Nel suo lavoro, l’Aifo ha deciso di coinvolgere anche personale che abbia vissuto sulla propria pelle il dramma della malattia. «Se a un disabile a spiegare come potersi riprendere nelle amni la propria vita è un altro disabile, il massaggio acquista un valore molto potenziato» sottolinea il presidente Lissoni. E poi c’è l’attenzione alle comunità in cui i malati vivono. «Lavoriamo con organizzazioni locali che conoscono il territorio e possono esserci di aiuto per comprendere bisogni, necessità e attese di quella realtà civile e sociale, individuando risorse attive nella comunità».

Passaggio tutt’altro che superfluo. «In Guinea Bissau nella zona di Gabu stiamo operando contro la mortalità infantile: un morto ogni 19 parti a fronte di uno ogni 20mila in Occidente - racconta Lissoni -. Ma ci siamo resi conto che dietro a tutto questo vi era anche la piaga delle violenze e degli stupri anche sulle adolescenti. Ecco che abbiamo messo in campo un’opera di aiuto completo a questo donne e ragazzine. E allo stesso tempo una campagna di sensibilizzazione presso le autorità con denunce e arresti».

Per non parlare dell’assenza per metà della popolazione mondiale di strumenti sanitari di base, come l’acqua corrente. «Formiamo infermieri e volontari che vadano nei villaggi per controllare da una parte la situazione sanitaria e dall’altra perché aiutino la gente a imparare alcune azioni che possono salvare loro la vita».
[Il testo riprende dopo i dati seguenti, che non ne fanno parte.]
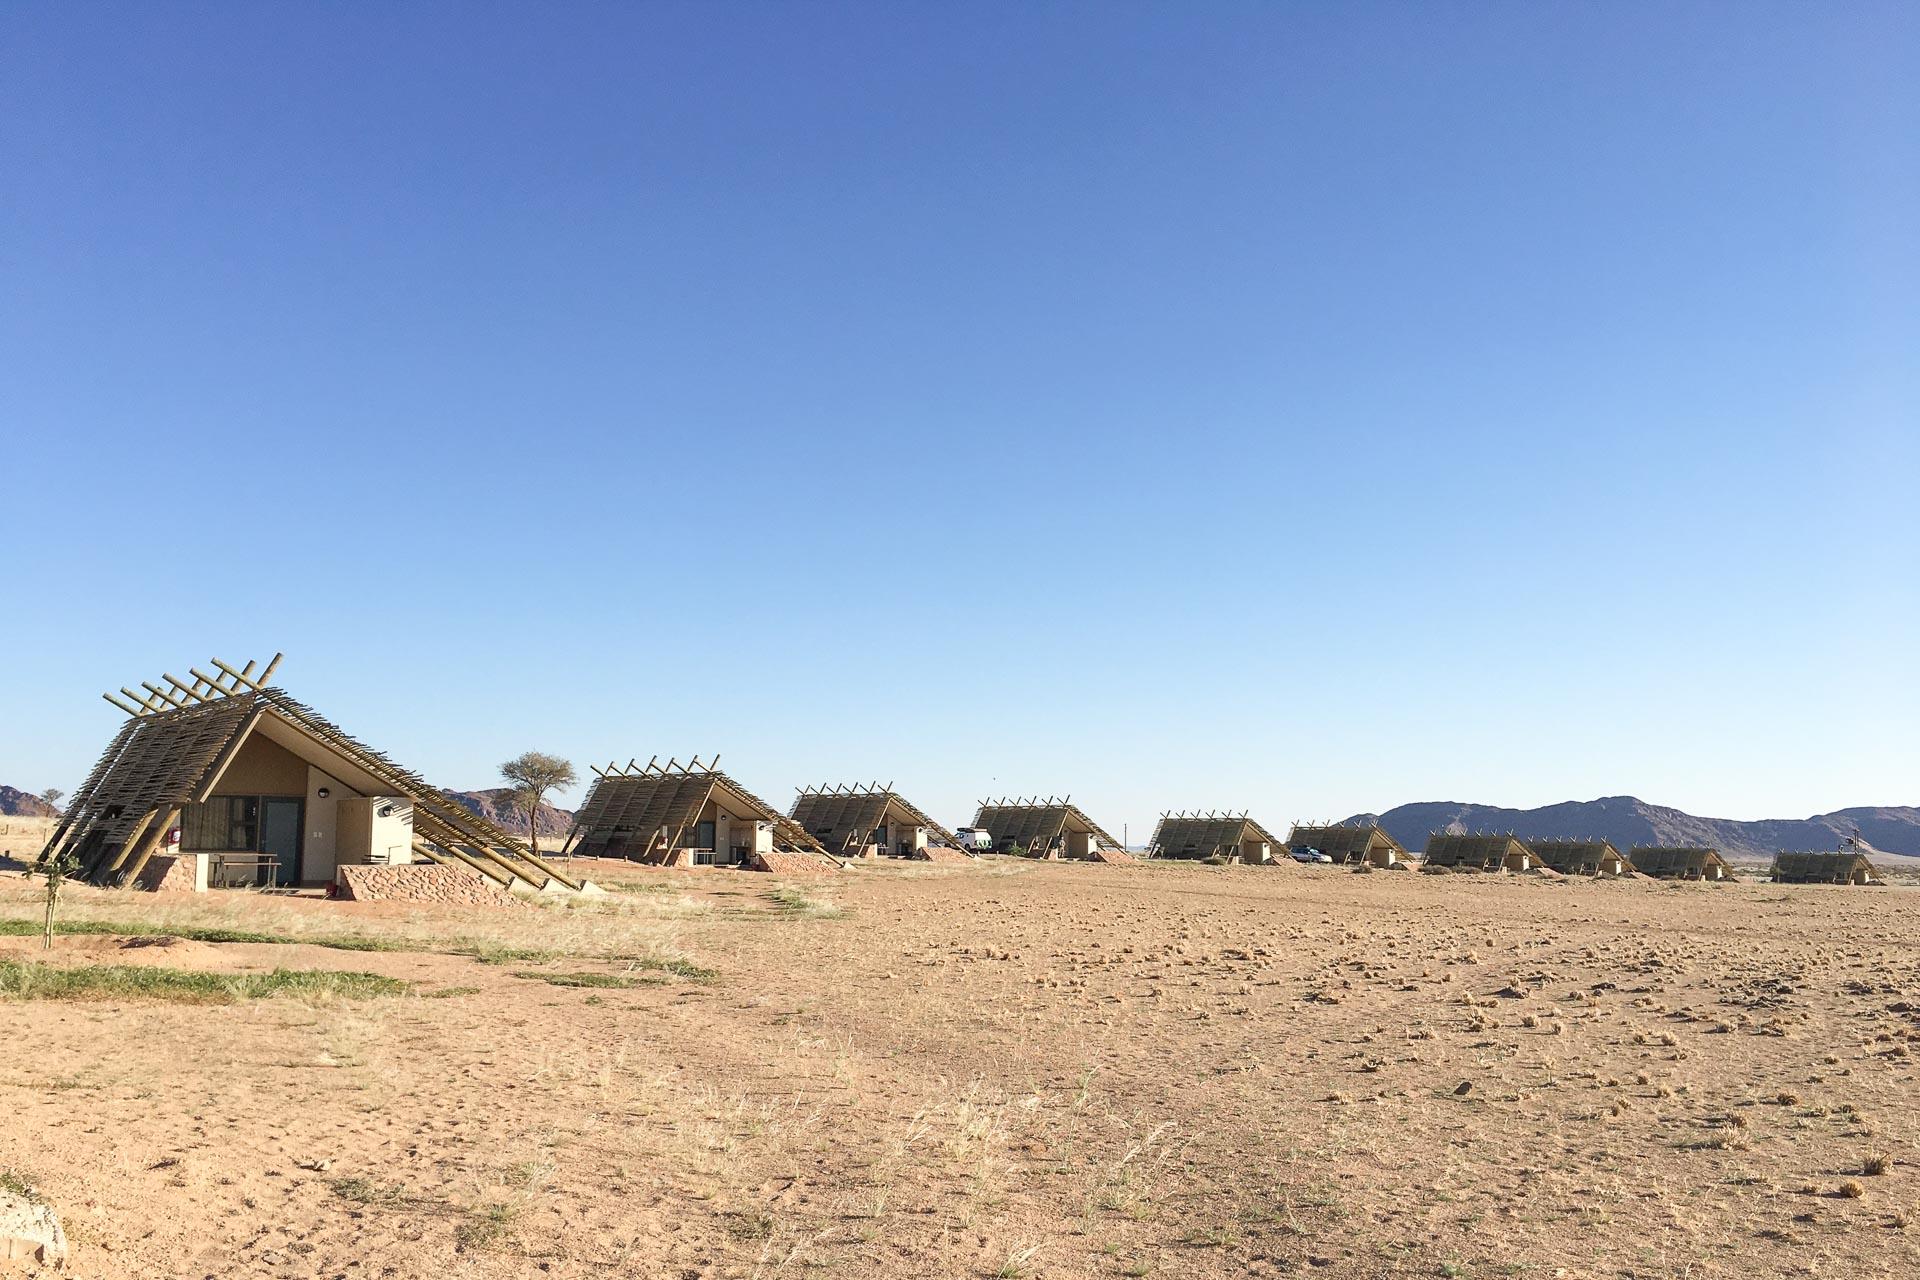 Desert-Quiver-Camp-Namibia-Globetrotter-Select-8

Un grande dispiegamento di forze, ma soprattutto un grande sogno portato avanti nella realtà con la determinazione e forse un pizzico di utopia, da Raoul Follereau, che arrivò a chiedere a Usa e Urss di donargli ognuno un bombardiere, il ricavato della cui vendita sarebbe stato sufficiente a coprire un piano contro la lebbra.

Una visione che il giornalista francese condivisi anche con altre figure carismatiche come l’arcivescovo Helder Camara, pastore di Olinda e Recife, nonchè presidente del Consiglio episcopale latinoamericano. Forse anche per questo alcuni degli obiettivi che Follerau si prefiggeva si possono trovare in diversi passaggi dell’enciclica “Fratelli tutti” di papa Francesco, che in quel clima latinoamerico si è formato.